Laporan Wartawan Pos Kupang, Egy Moa
TRIBUNNEWS.COM, RUTENG - Kediaman Hendrikus Jela (80), kakak kandung Fransiskus Galis (59) di Gang Weri Waso, Kecamatan Poco Ranaka, Kabupaten Manggarai Timur, Rabu (2/10/2013), pukul 14.00 Wita didatangi Camat Wae Rii,
Servas Jahang, bersama sembilan orang staf.
Servas membawa misi mengajak Frans berdamai dengan para pelaku pemberi sanksi pikul lesung keliling Kampung Ling dan minum air seni dicampur kotoran manusia kepada Frans. Namun Frans yang dituduh dukun santet menolak tawaran damai dan memasang syarat pelaku yang hendak damai juga harus meminum air seni dicampur kotoran.
"Katanya mereka (pelaku) datang menangis di bupati mengaku sudah bersalah. Pak camat tanyakan kepada saya, apakah saya mau damai," kata Frans kepada Pos Kupang (Tribunnews.com Network) di Mano, berjarak sekitar 16 kilometer timur Kota Ruteng, Kabupaten Manggarai, Kamis (3/10/2013).
Frans didampingi istrinya, Sabina Naut (58), anak kandung, Isayas Efredi, dan keponakan, memasang syarat yang sama dengan sanksi adat yang pernah dijalani bersama Ny Sabina.
Para pelaku juga harus memikul lesung dan meminum kembali air seni dicampur kotoran manusia, merasakan sanksi serupa yang dirasakan Frans.
"Kalau mereka setuju damai, mereka juga minum air seni campur kotoran manusia seperti yang diberikan kepada saya dan istri saya.
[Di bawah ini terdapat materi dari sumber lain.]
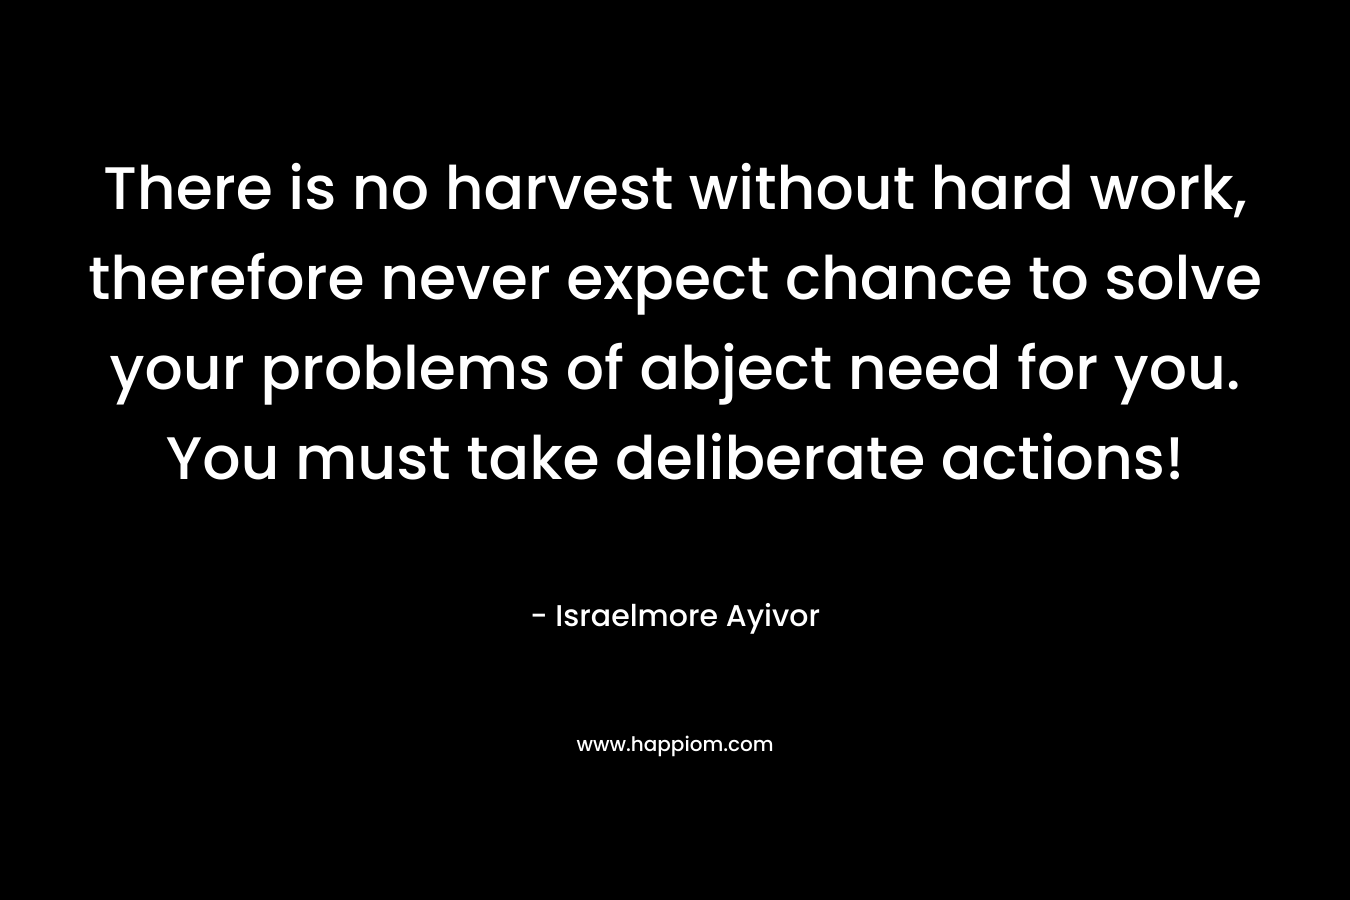 There is no harvest without hard work, therefore never expect chance to solve your problems of abject need for you. You must take deliberate actions! – Israelmore Ayivor

Uang dan barang kami juga punya. Sakit sekali perasaan kami, mereka yang senang," kata Frans berurai air mata diikuti istri, anak dan semua keponakan di rumah kakak kandungnya itu.
"Martabat kami dihina di hadapan warga satu kampung. Kuda sekalipun tak akan minum air kencingnya sendiri atau makan lagi kotorannya. Apalagi manusia dipaksa minum air kencing orang lain dan dicampur kotoran manusia," sambung salah satu keponakan yang minta tak dipublikasikan identitasnya.
Mengingat kembali minum air seni, Frans muntah empat kali di hadapan tamunya.
"Hukuman (minum air seni campur tahi) saya yang rasakan. Bukan kamu yang rasakan," sambung Ny. Sabina, dalam bahasa daerah Manggarai.
Frans menegaskan, ia dan keluarganya sudah tinggalkan Kampung Ling. Rumah setengah tembok (dinding papan) yang telah diselesaikan September 2012, ditinggalkannya. Begitu pula sebidang petak sawah dan sebidang kebun kopi yang
bisa dipanen 300 kilogram tiap musim panen.
"Saya ucapkan di hadapan pak camat. Saya buang Kampung Ling. Saya tidak akan kembali lagi," tegas Frans berurai air mata lagi.
Servas Jahang menawarkan upaya damai dilakukan rumah Gendang Ling dan diliputi media massa untuk membersihkan namanya.
"Saya tidak mau. Yang rasakan sakit saya. Biar saja proses hukum. Biarkan damai saja mereka. Kami mendokan mereka menyadari kekeliruannya," katanya.